**Your assignment**
Exactly the lines below, starting with the one containing "Konštrukcia ochrannej masky" and going on through the one containing "Uphill Farm in Rochester Vermont", must be reproduced, both ends included, and no pictures with them.

**Source data**
★ ★ ★ ★
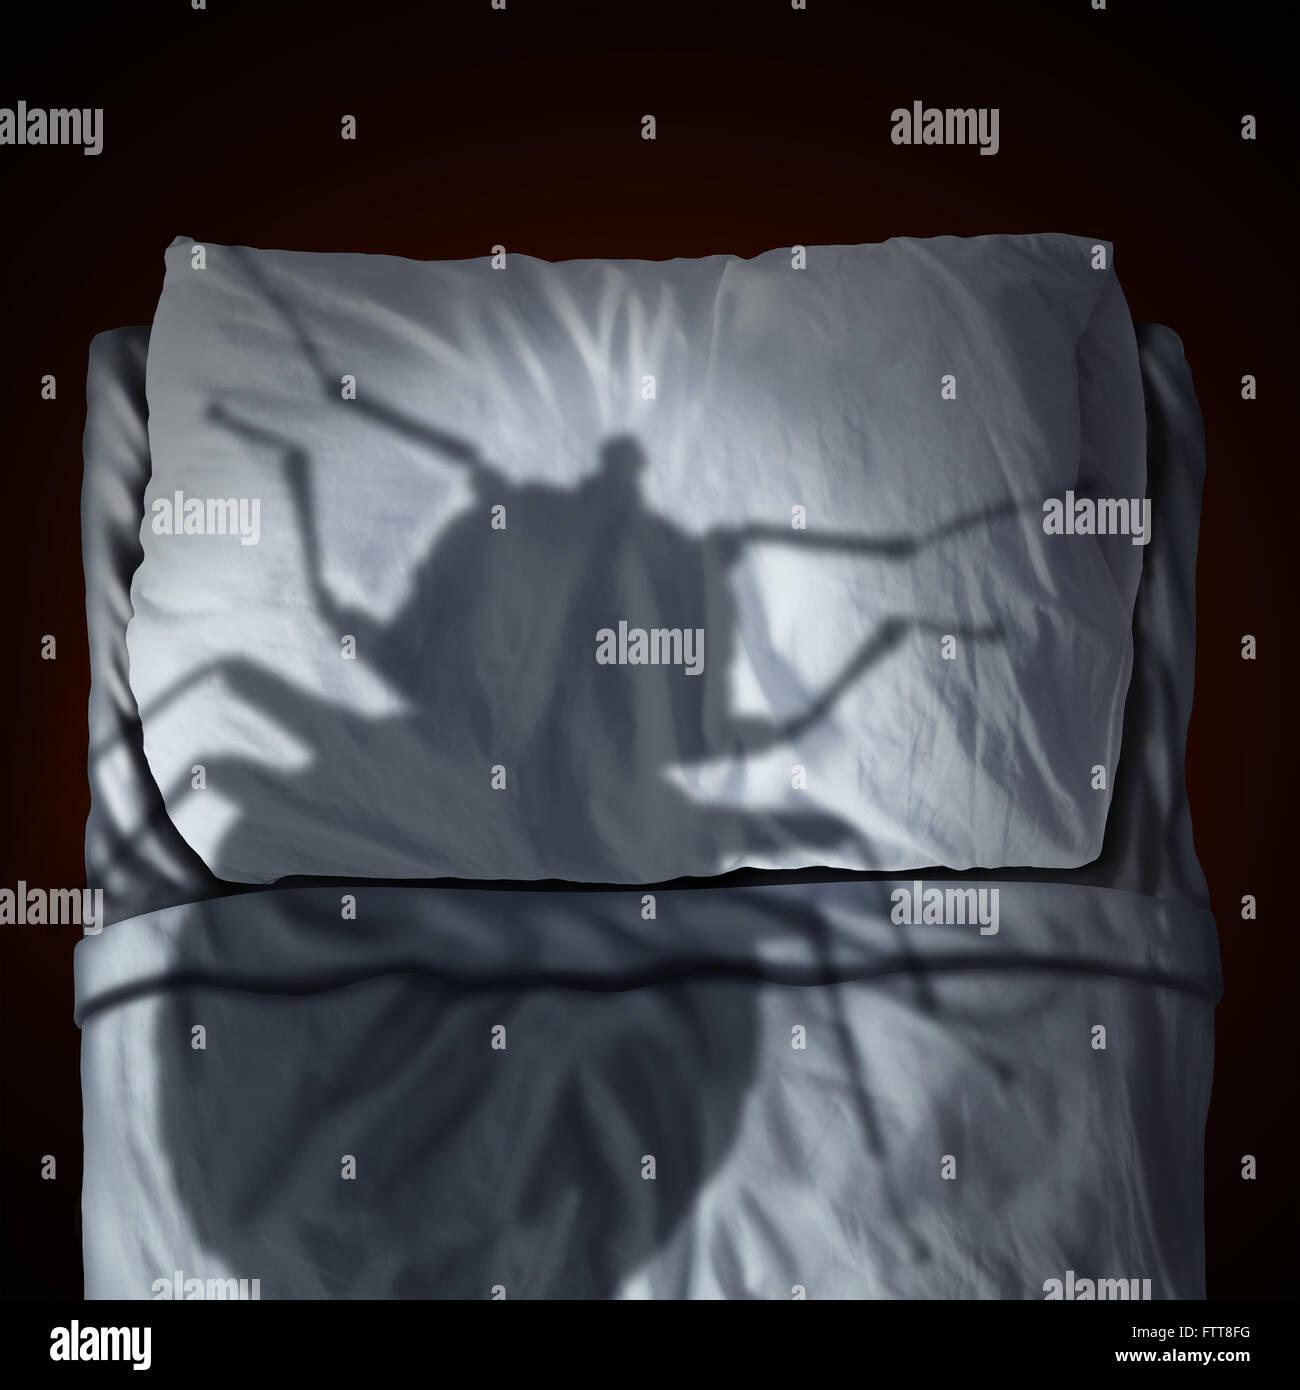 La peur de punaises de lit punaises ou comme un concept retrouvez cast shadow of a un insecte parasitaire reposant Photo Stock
★ ★ ★ ★
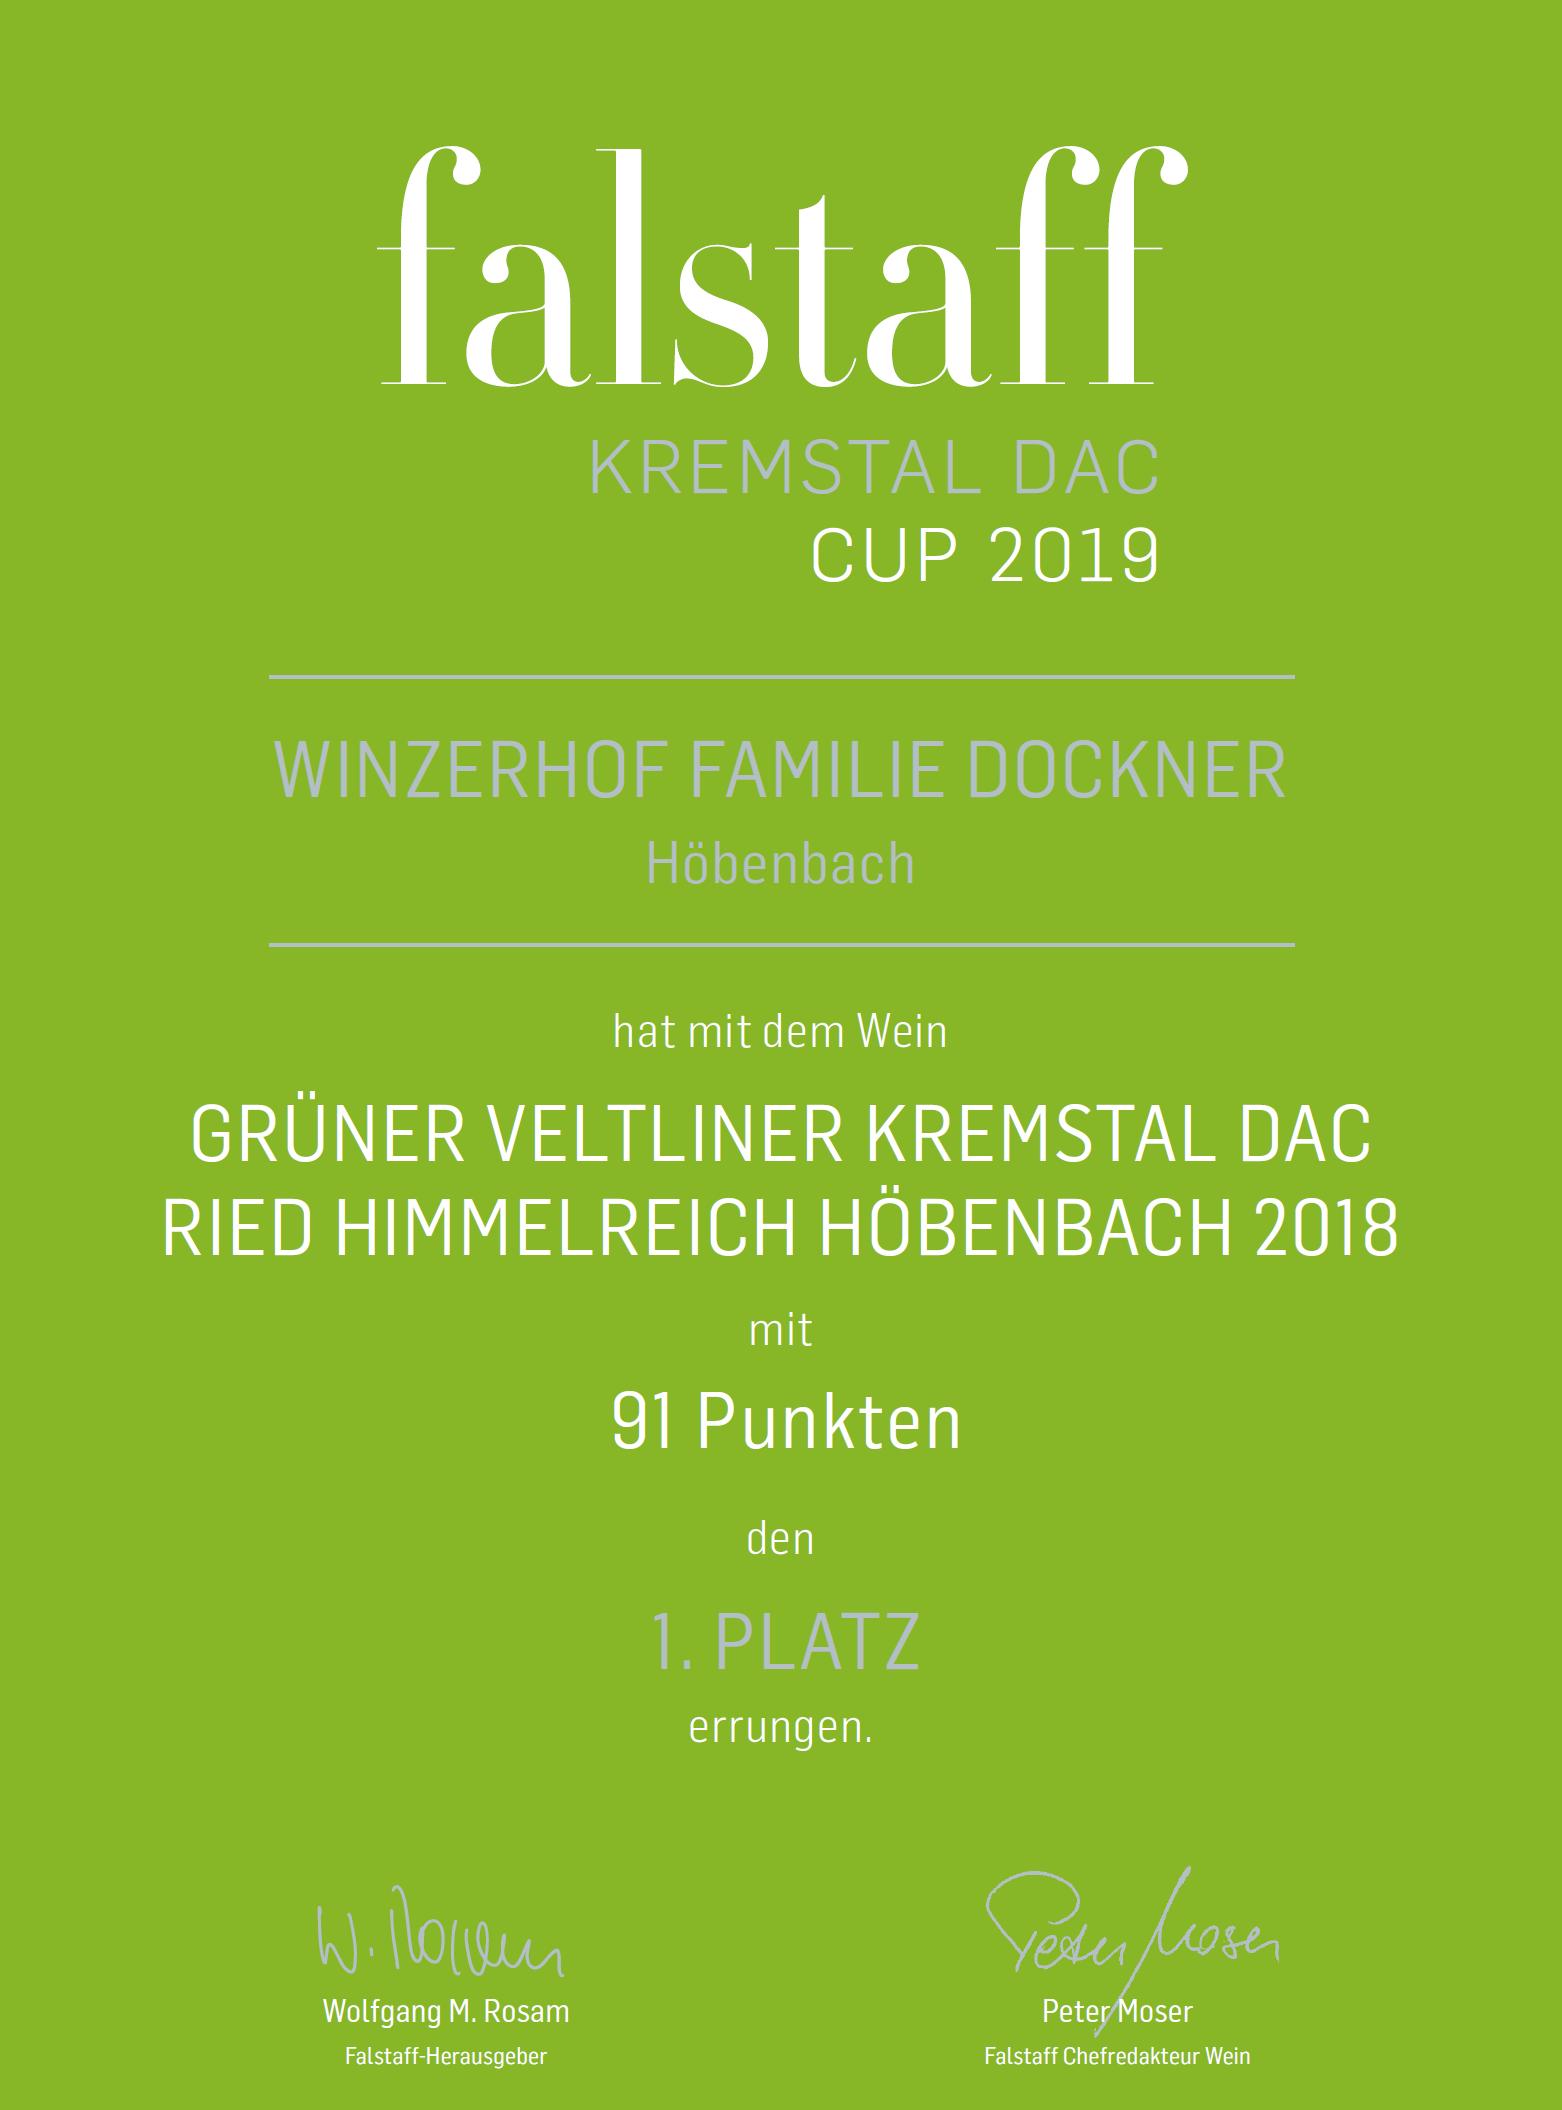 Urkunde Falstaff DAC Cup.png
★ ★ ★ ★
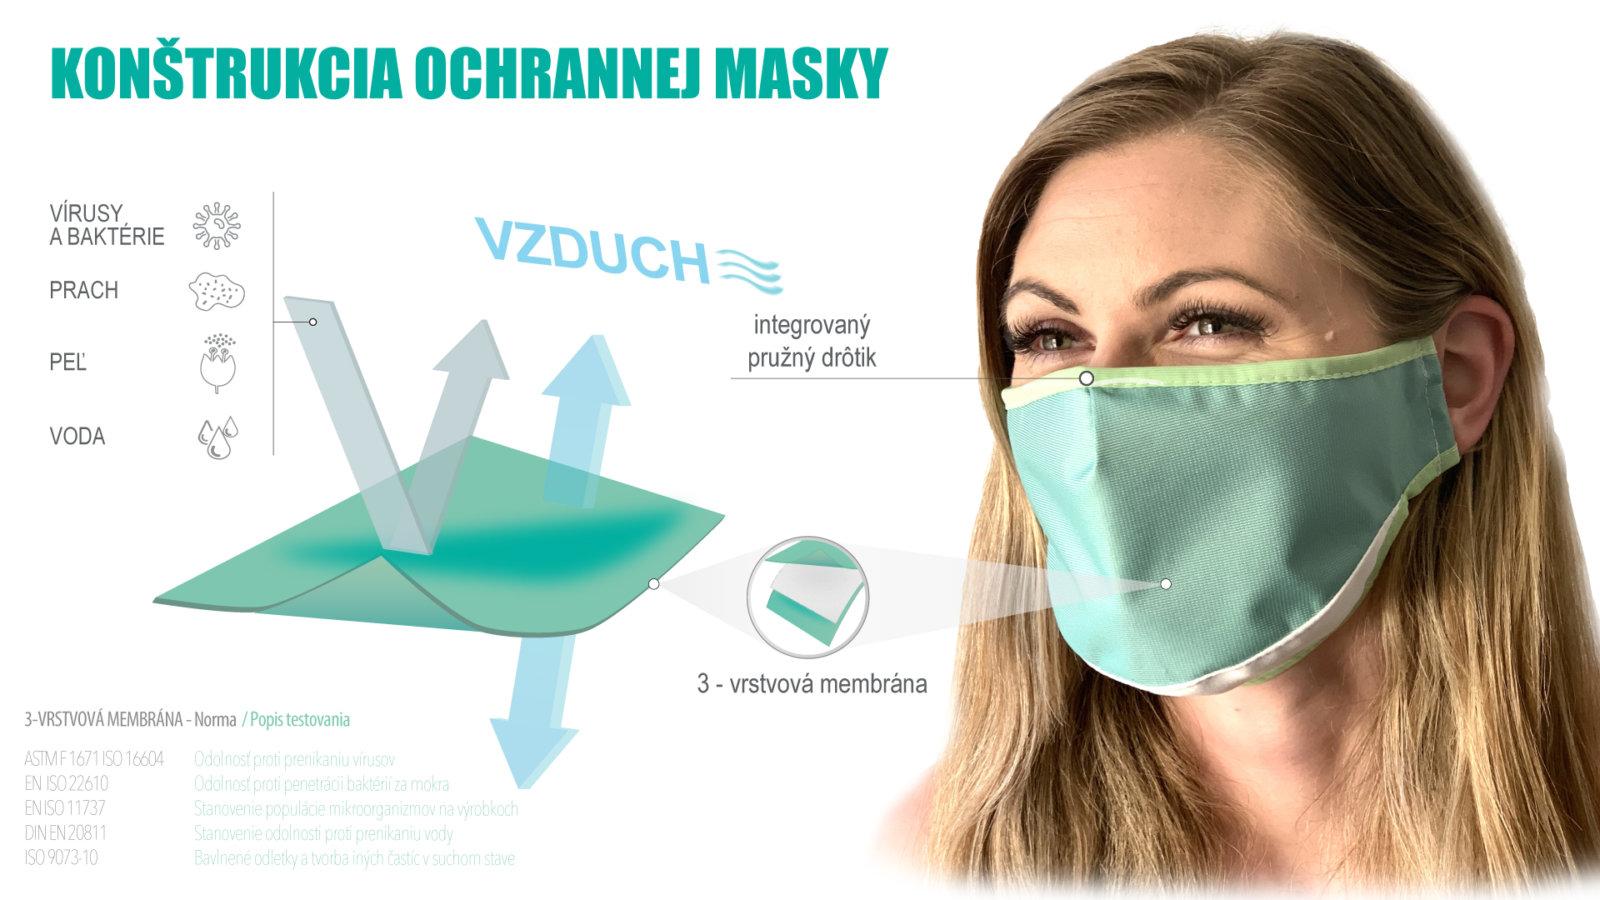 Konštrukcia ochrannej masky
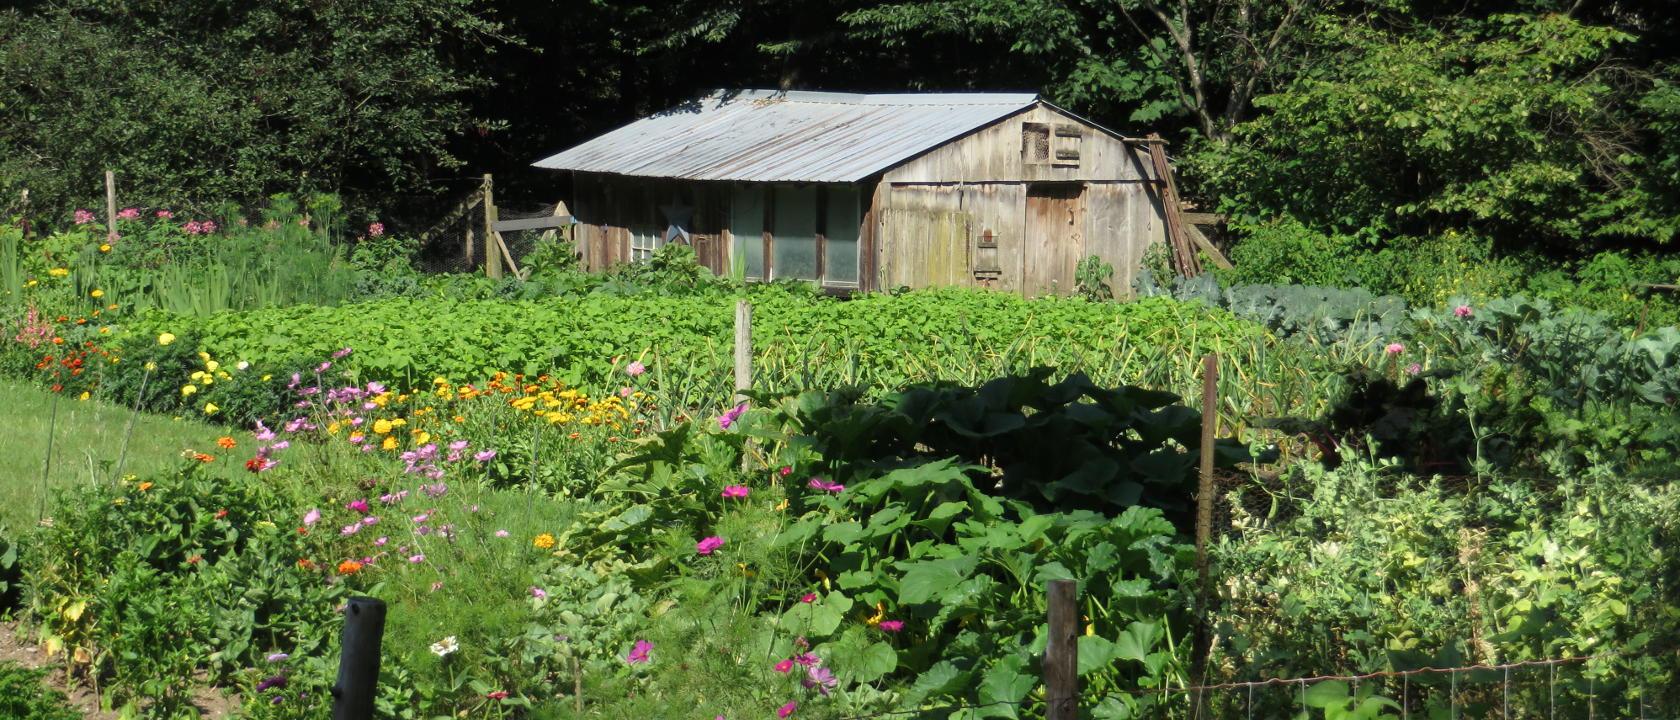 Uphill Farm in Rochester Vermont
★ ★ ★ ★
**The completed task**
 Konštrukcia ochrannej masky
 Uphill Farm in Rochester Vermont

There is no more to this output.